BEGIN Source data

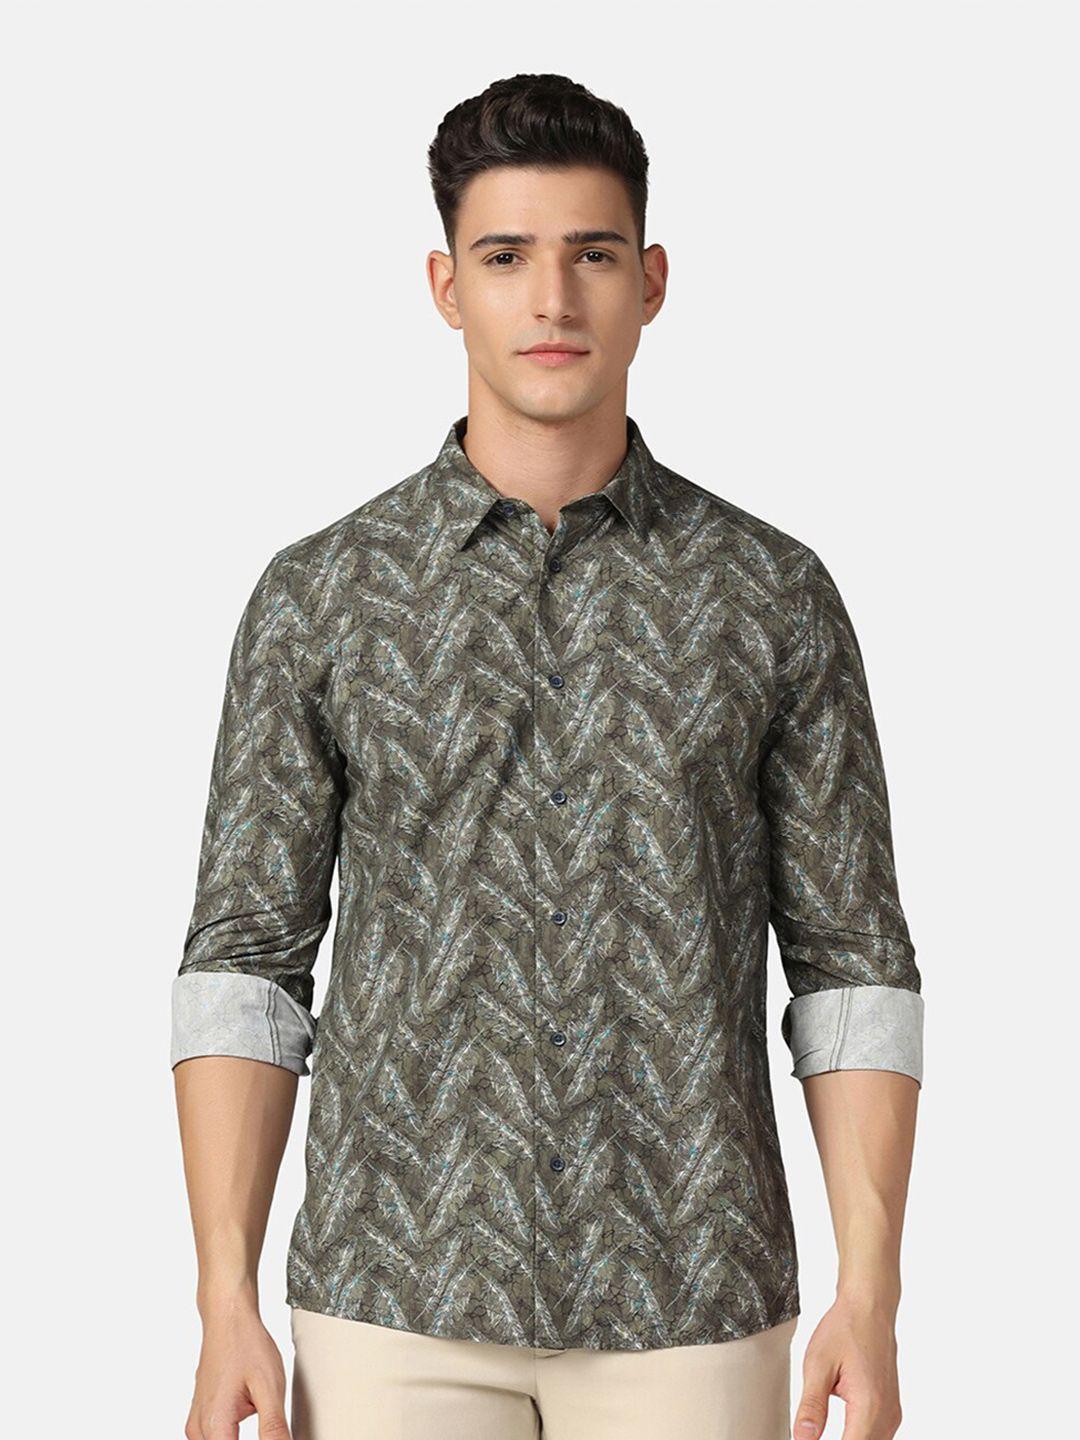 blackberrys indian slim graphic printed slim fit casual shirt
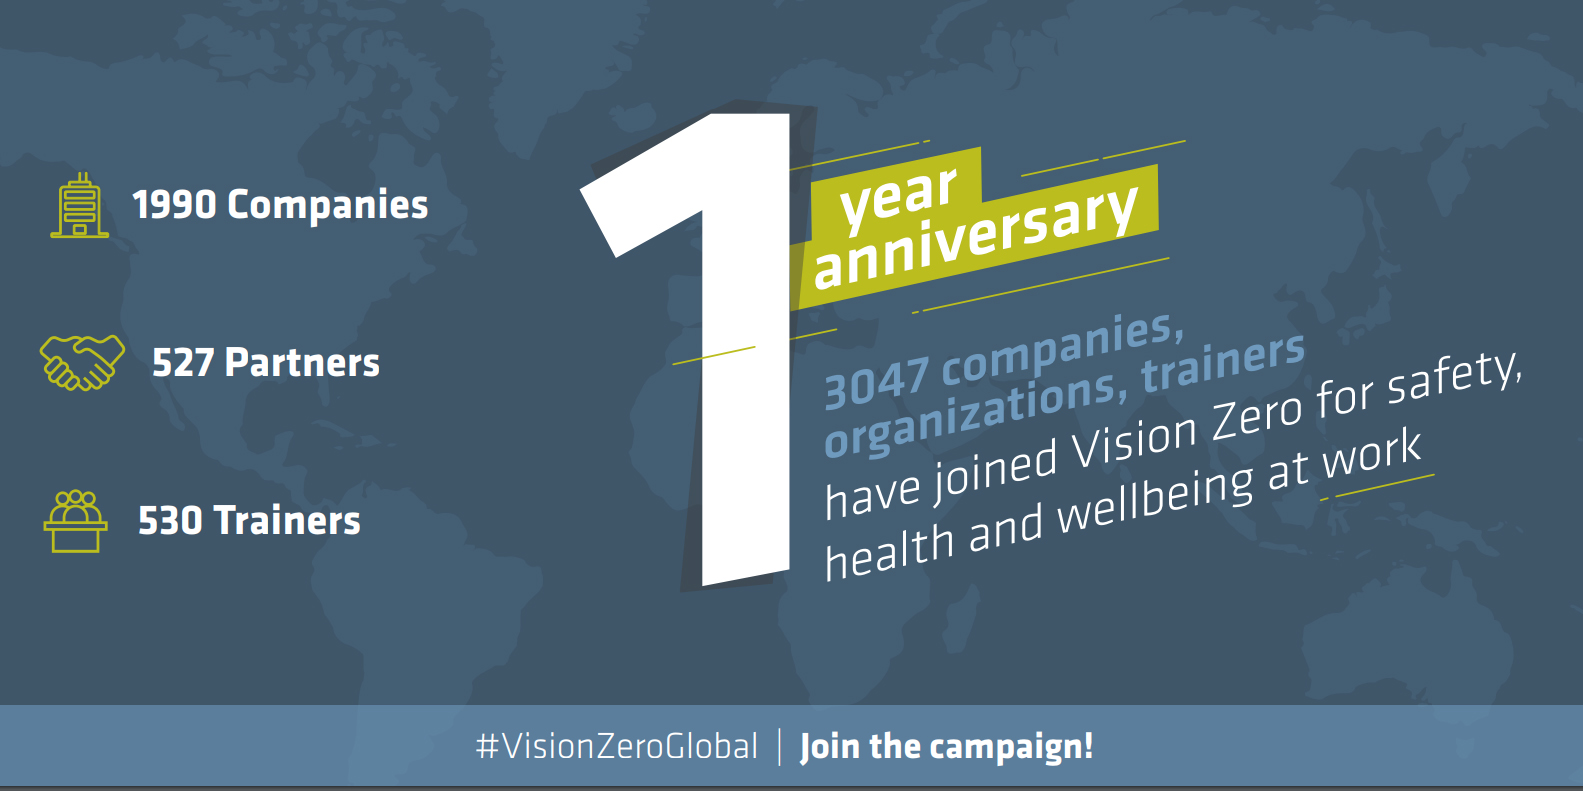 Vision Zero reaches 3000 supporters
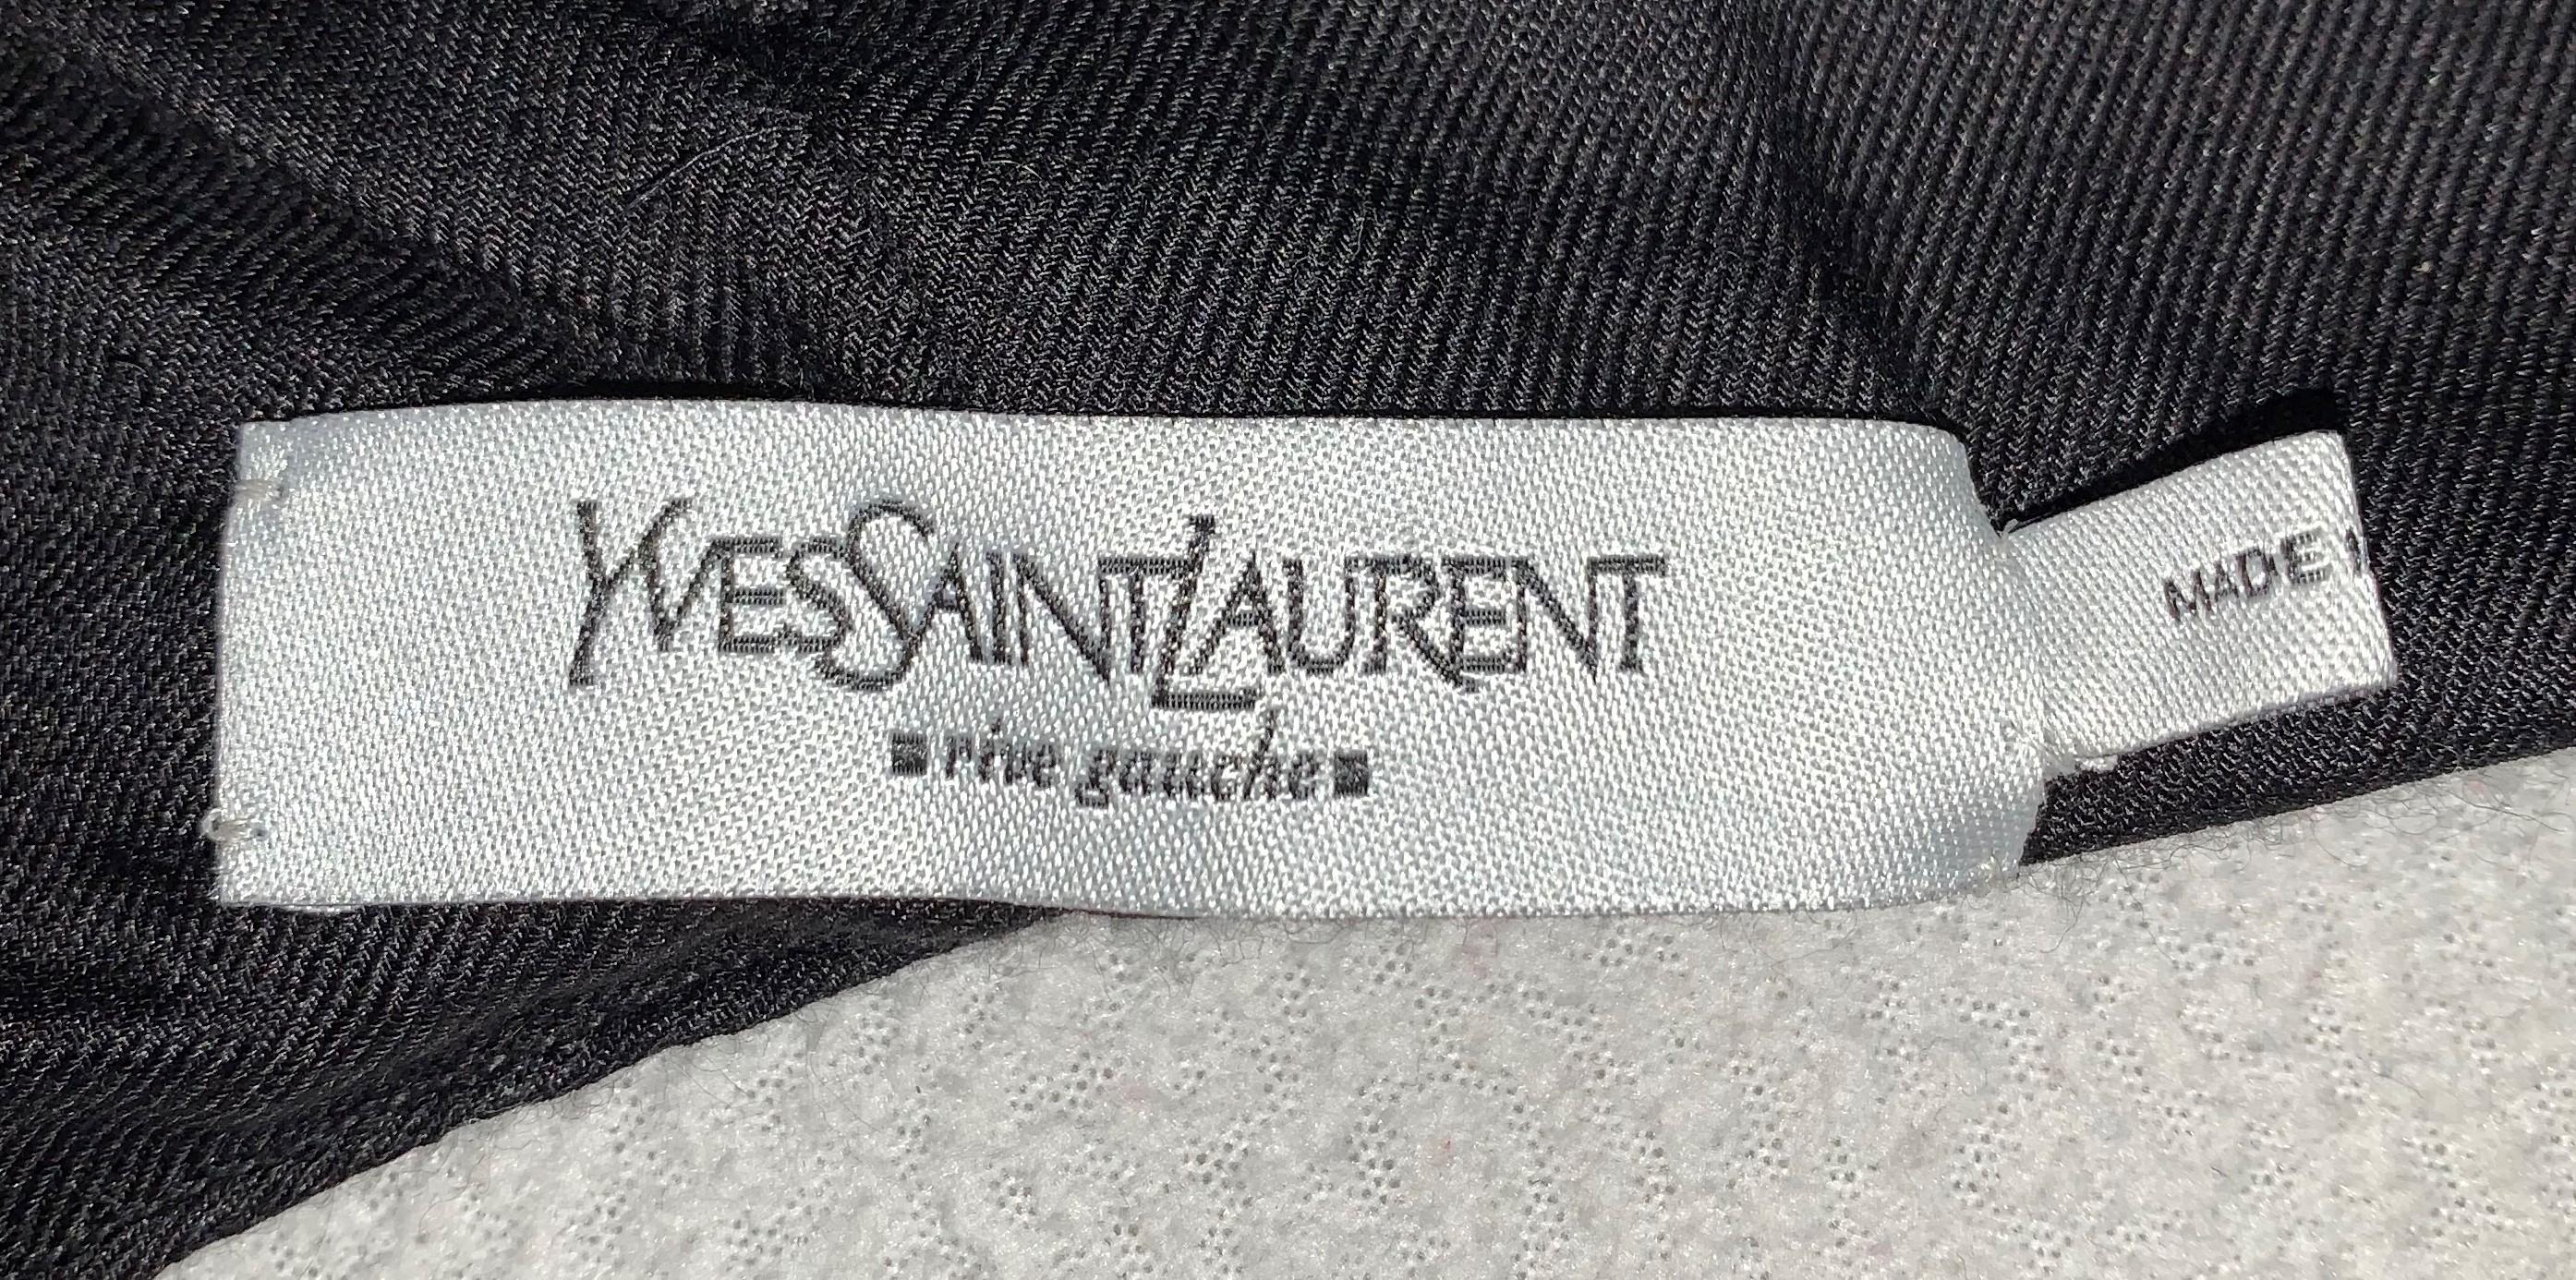 Women's S/S 2003 Yves Saint Laurent Tom Ford Vintage Style Black Leather Flight Cap Hat

END Source data

**Task brief:** Output the listing above exactly, excluding all pictures.

**Written response:**
 blackberrys indian slim graphic printed slim fit casual shirt
 Vision Zero reaches 3000 supporters
 Women's S/S 2003 Yves Saint Laurent Tom Ford Vintage Style Black Leather Flight Cap Hat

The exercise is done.